As had completed a good ride around Jumieges valley yesterday, today we jumped across the river on a little (and free) ferry down off the Route des Fruits at Le Mesnil then ducked south through the steep uphill and awesome downhills of Foret de Mauny before hitting another cure of the Seine. The only other cyclists we saw were struggling up the side we were drifting down and there were barely any cars in sight. Our original plan was to reach Rouen from the South but the road from our late breakfast stop Grand Gouronne was pretty industrial with more than a fair share of trucks and lorries so we river hopped again (small but free ferry again) and tackled the slightly quieter northern route into the city. We followed our noses to the central tourist information bureau, who ensured we had a hotel (cheap, central and with bike storage) within the blink of an eye. Spent the afternoon wandering around the cathedrals and an awesome evening meal in a little Bistro not far from Joan of Arc square.
Day 6: Rouen – Forges Les Eaux (11th September)

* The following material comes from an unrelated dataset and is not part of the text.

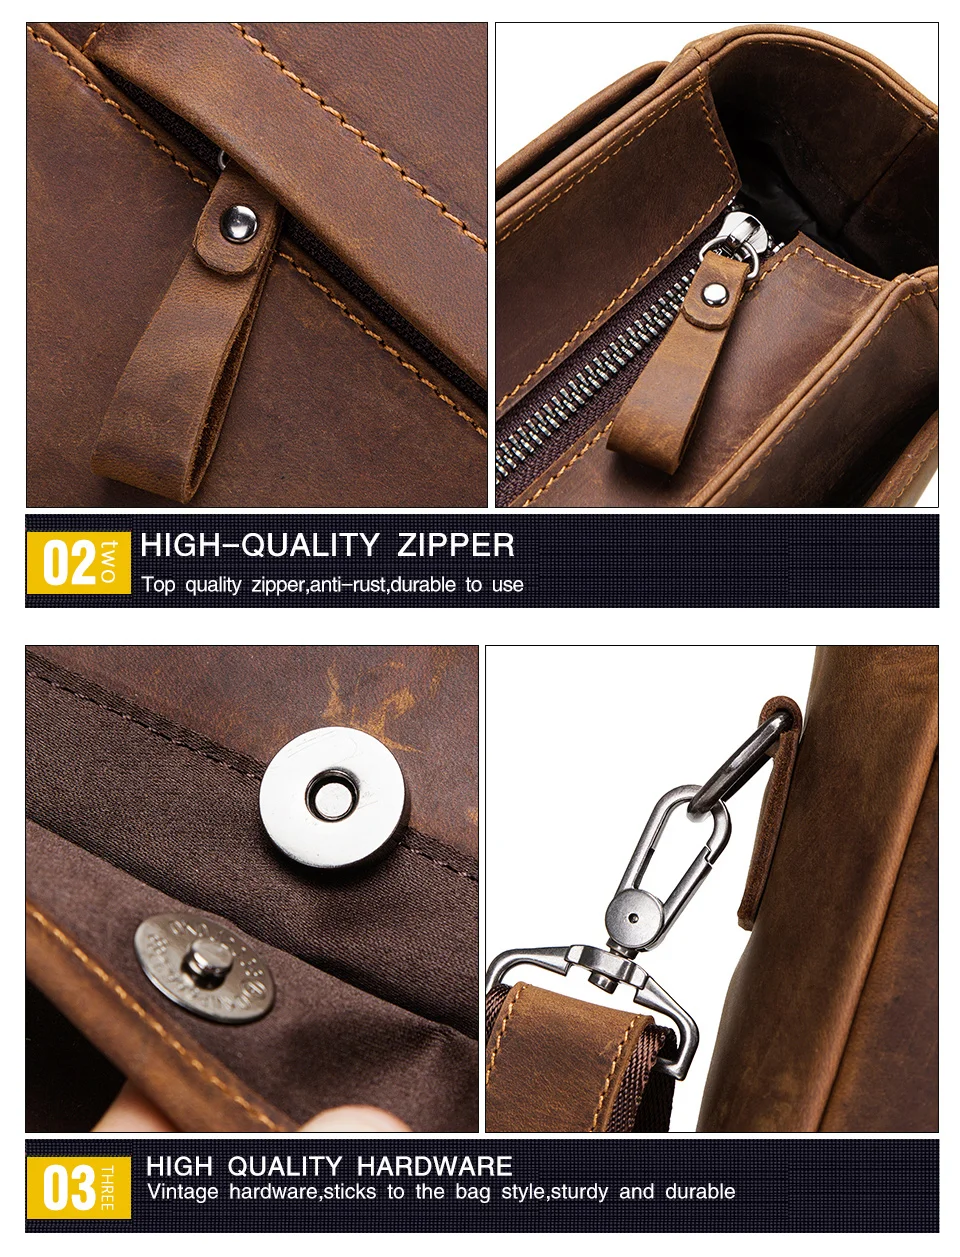 CONTACT'S Кожаная высококачественная повседневная вместительная сумка года в винтажном стиле, может использоваться как дорожная сумка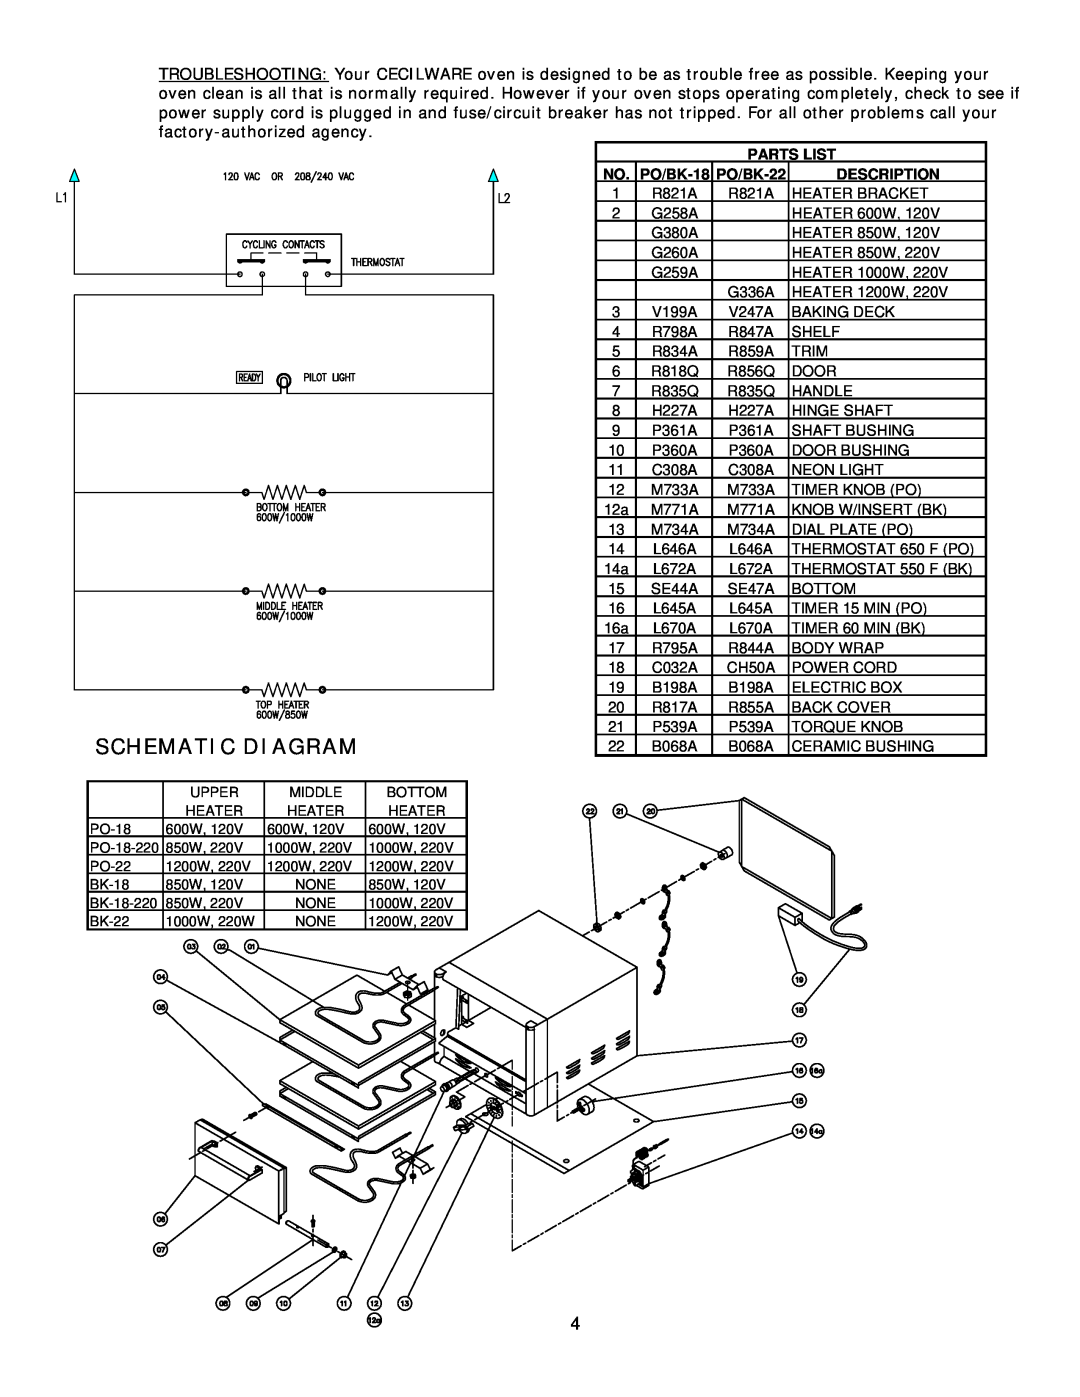 Cecilware operation manual Schematic Diagram, Parts List, PO/BK-18, PO/BK-22, Description

Kms: 63.9 (plus 30 mins unloaded around town)
Hours: 4
We found it hard finding our way out of Rouen - we had a few false starts and motorway entrances before, as a compromise we took a hill towards the airport, a bit South West of where we are headed and possibly adding another 12 – 13 kms to the trip. We pretty much lost the early start from our hotel by this point but a breakfast at about 10 was well deserved. Second half of the day is on quiet roads and its nice riding.
The hot pools are not open at Forges Les Eaux and the small town seems pretty dead, dominated by a large casino / hotel complex. The campsite is nice enough despite some persistent rain and this is pretty empty as well. Cheapest campsite to date at only 7 Euros probably due to the lack of nearby attractions or maybe we've hit the off season. I participate in some French based conversations which I don't understand.
Day 7: Forges Les Eaux – Dieppe (12th September 2008)
Kms: 55 (Approx – bike computer was playing up)
Hours on bike 3:45 approx
A slow and easy day following the Avenue Verte back to Dieppe. Translated as 'Green Road' the Avenue Verte is a car free trail running a pretty smooth line down an old railway track with possibly the best tarmac to date and good signposting but not a lot of excitement along the way. Scenery wasn't as spectacular as views from hard earned hill tops anyway. It was easy to pick up at Forges Les Eaux though a bit of a gray and drizzly day for the ride as there is not much to see on the route and it was a bit cold and damp to leave it for long. The biggest surprise of the day was that the cycleway spat us out about 8km from Dieppe and basically onto a busy byway.
The kite festival was on in Dieppe so we easily entertained ourselves for the afternoon watching people play on the fields by the sea, then had a late pizza dinner. Our ferry was scheduled to depart at 6am so we sat on the wharf playing cards and watching people walk their dogs into the early hours. At 4am we cycled the last km to the ferry terminal to check in only to find sleeping bodies lying in the corners of the open ferry terminal which we had decided would probably be shut but hadn't of course checked. The sleeping bags were just stirring when we found out that our ferry would be delayed a few hours. Finally on the boat at about 7am we slept very soundly indeed!.